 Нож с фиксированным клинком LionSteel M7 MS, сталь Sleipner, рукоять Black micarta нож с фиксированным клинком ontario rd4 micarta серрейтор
━━━
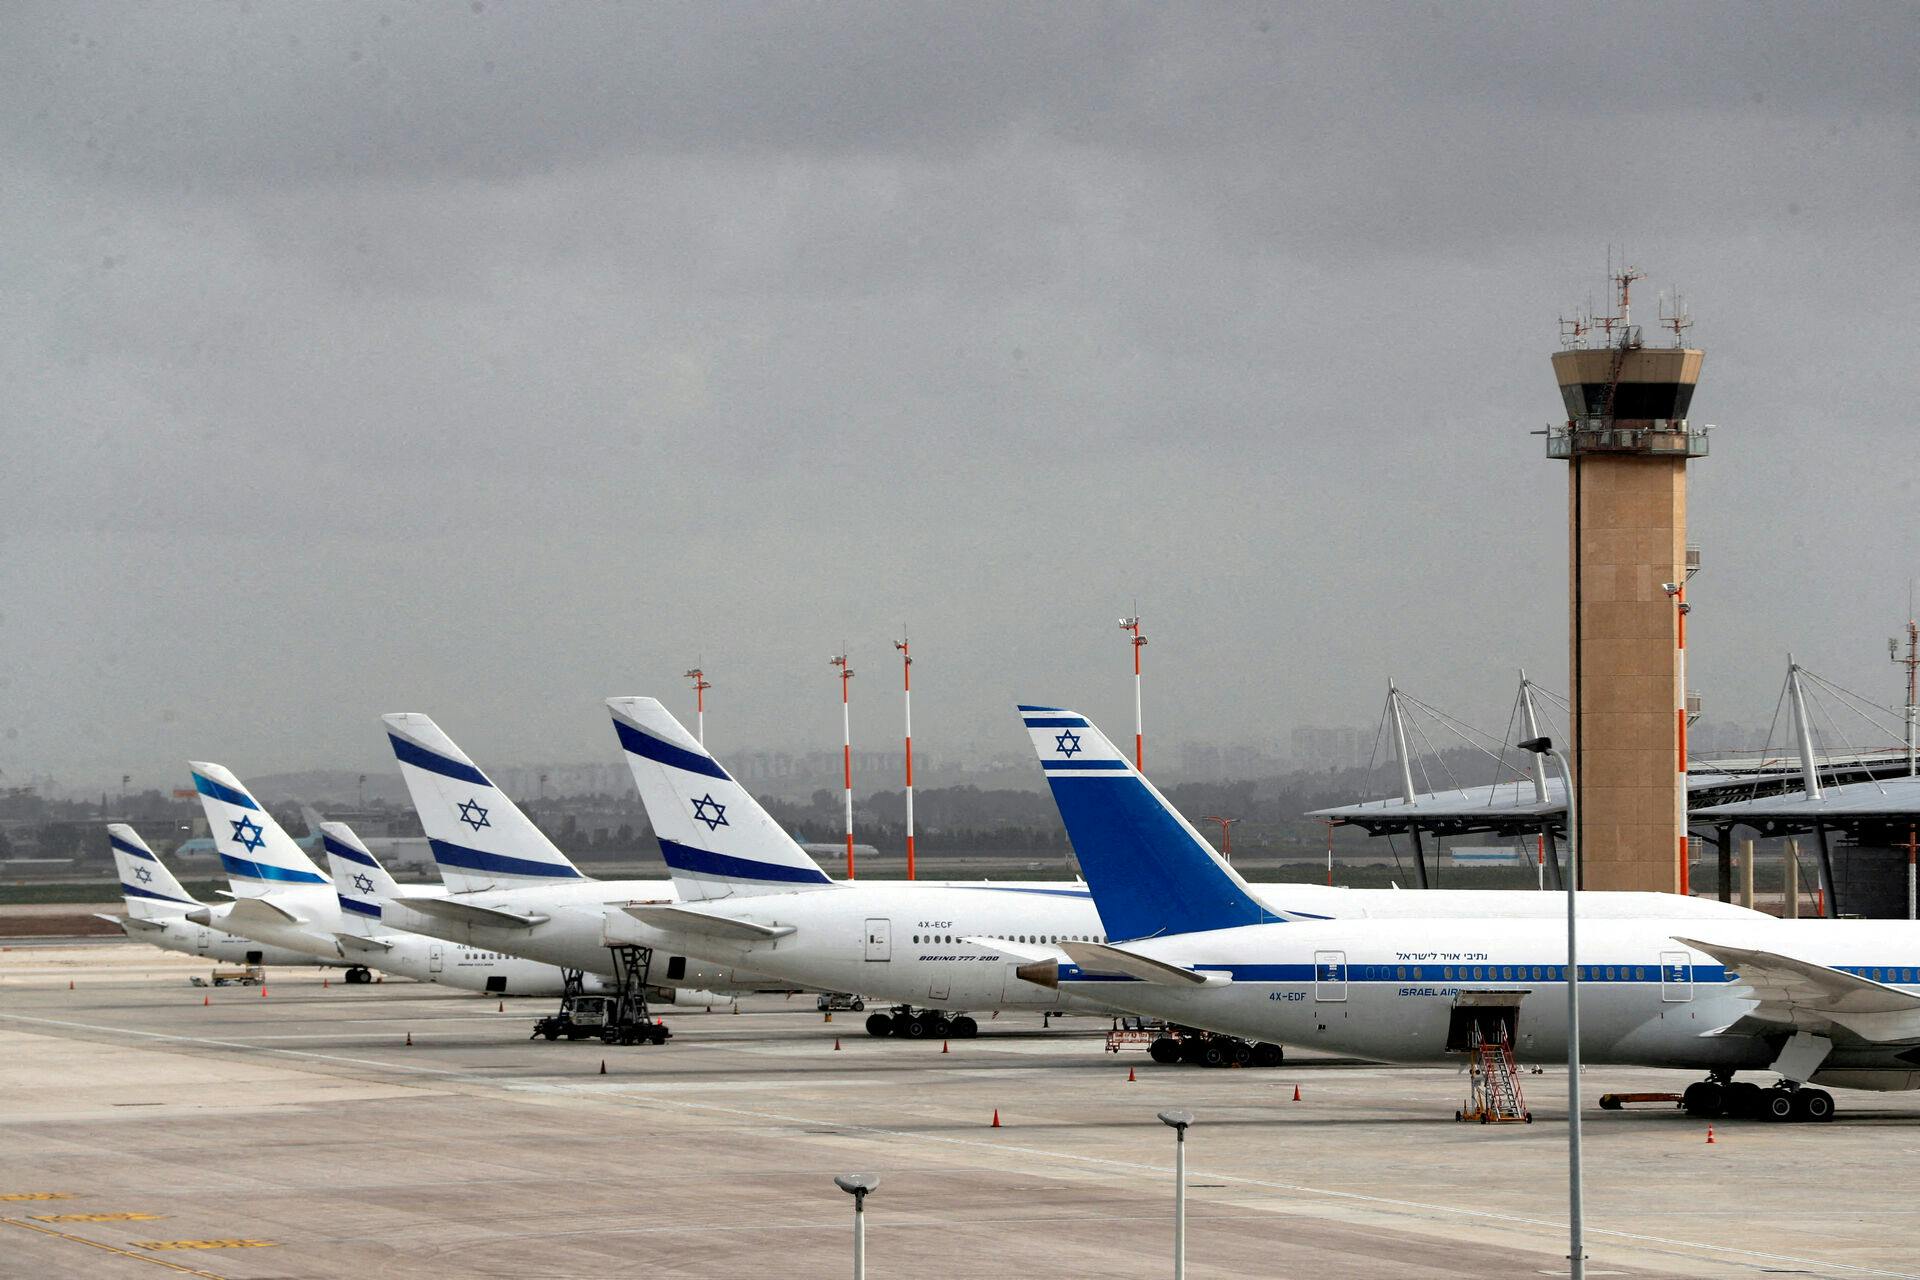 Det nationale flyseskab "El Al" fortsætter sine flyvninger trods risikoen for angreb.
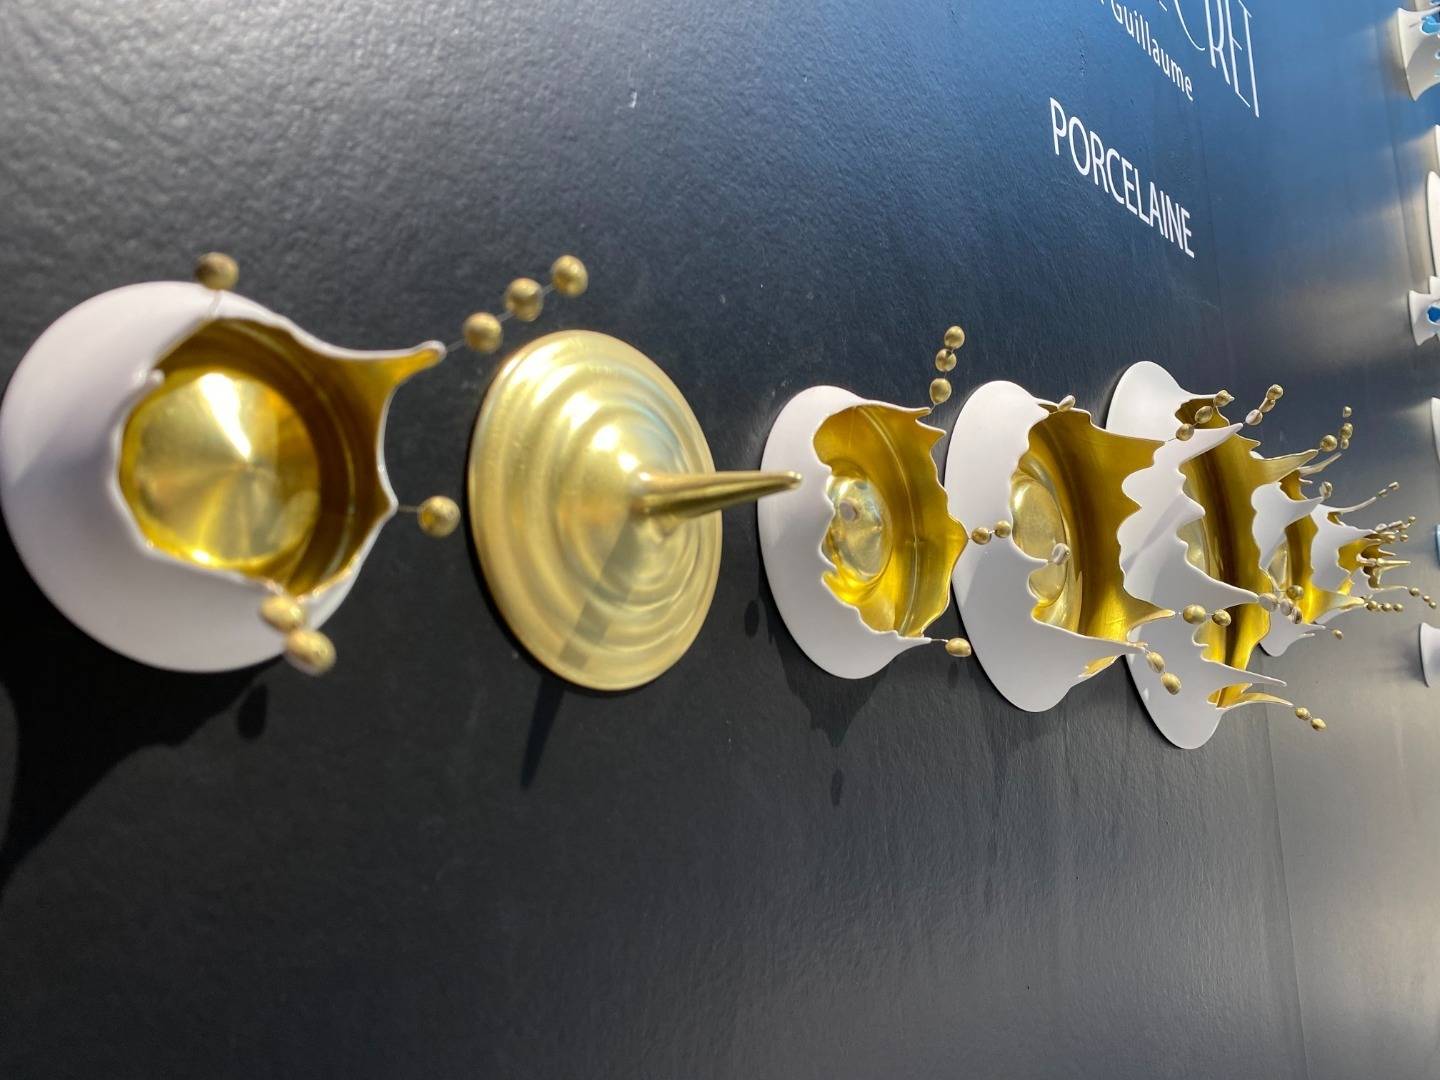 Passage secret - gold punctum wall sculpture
━━━
# [EXERCISE OBJECTIVE]
A clean copy is needed of the lines above from the one with "Det nationale flyseskab" up to and including the one with "Passage secret - gold punctum wall sculpture". Please set it down exactly, with no pictures.

# [FINAL ANSWER]
 Det nationale flyseskab "El Al" fortsætter sine flyvninger trods risikoen for angreb.
 Passage secret - gold punctum wall sculpture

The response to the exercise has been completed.